I was recently asked by a customer how to guarantee alignment of CLR data on 16-byte boundaries. They needed this capability to interoperate with code that uses SSE vector instructions to manipulate the data (which require 16-byte alignment). The bad news is that there’s no real good way of doing this. That is, there isn’t any “align at N bytes” feature for the CLR in which type layout and stack and heap allocation cooperate. The good news is that you can fake it.
(I spoke about alignment with respect to atomic cmpxchg8b instructions previously, right here, for those interested in reading about that too.)
The details of how to go about ensuring 16-byte alignment depend on whether you allocate your data on the stack or the GC heap. For illustration purposes, imagine we’re dealing with an array of float32[]’s. We’d like to ensure the beginning lies on a 16-byte boundary:
float [] a0 = new float[N]; // GC-allocated array of N floats
float * a1 = stackalloc float[N]; // stack-allocated array of N floats
If you use the former, GC allocation (1), you’re going to have a really tough time. The GC moves objects around on you as it performs compactions, and only aligns the 1st element of the array on a 4-byte boundary. So even if you manage to get your object allocated on a 16-byte boundary (by chance), it is apt to move during a subsequent GC.
To solve this problem, you’d have to pin the object. Pinning causes GC fragmentation, so I really encourage you to avoid this approach and go with stack allocation, (2), if you can afford it. A float[] on the stack is similarly aligned to begin at a 4-byte boundary, but, unlike (1), it will subsequently not move around. Of course stack allocation is often impossible, or difficult, if you are writing a reusable library that may be called in an unknown context (where the caller may have very little stack left). This is a tradeoff you would have to make. If the pinning is very short lived, i.e. the duration of a single function call, it might be tolerable for you, a la P/Invoke.
Regardless of whether you choose (1) with pinning or (2) by itself, you’ve now got a stable address. And you can use the stable address to calculate the next 16-byte element in the array from the base address, and then use that as the start of the array. You will need some extra padding at the end for the worst case, which is base + 3, meaning at most 12 bytes, so you need to allocate 3 extra floats in the array. Here’s an example:
void * AlignUp(void * p, ulong alignBytes)
{
ulong addr = new UIntPtr(p).ToUInt64();
alignBytes -= 1; // adjust pointer for arithmetic
if (((1<<(IntPtr.Size\*4 - 1)) - alignBytes) <= addr) {
throw new Exception("overflow");
}
ulong newAddr = (addr + alignBytes) & ~alignBytes;
return new UIntPtr(newAddr).ToPointer();
}
...
float * p = stackalloc float[N + 3];
p = (float *)AlignUp(p, 16);
... use p ...
Note that if you were to use an array of doubles instead, you’d have some challenges. That’s because a 8-byte value on the 32-bit CLR is only 4-byte aligned, and therefore you can end up with a situation where the next 16-byte granularity is in the middle of a single element. For example, 12 + 8 = 20 byte, +8 = 28 byte, +8 = 36 byte, and so on. None of these are 16-byte aligned. Not that it really matters, so long as you allocate enough memory, but you will need to do some casting of the array reference, as shown in the above code, to do the arithmetic.

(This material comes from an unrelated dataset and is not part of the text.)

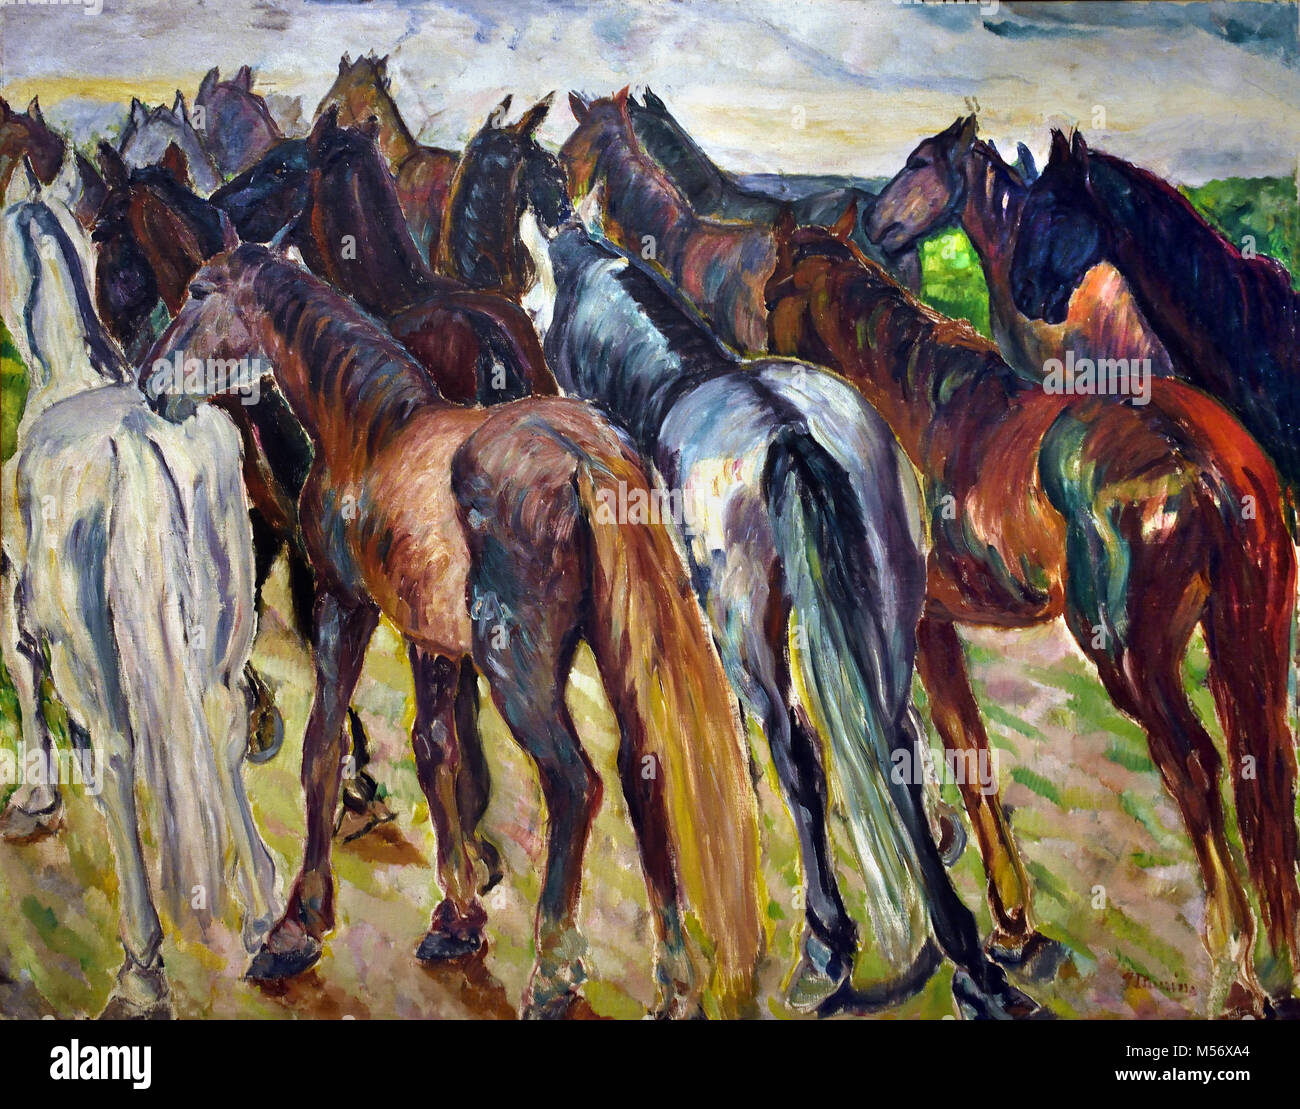 Colts in the Country 1912 Iturrino González, Francisco (Santander, Cantabria, 1864 -  Cagnes-sur-Mer, Francia, 1924) 20th, century, Spain, Spanish, Stock Photo

Note also that there’s a StructLayout attribute that allows you to specify alignment, through its padding field, but sadly this doesn’t impact the GC’s heap or the JIT’s stack alignment, and so it’s useless for our purposes. Though the relative alignment _within _the data structure will be correct, the absolute alignment is not guaranteed to be so.
OK, so I know all of this isn’t pretty. But it works.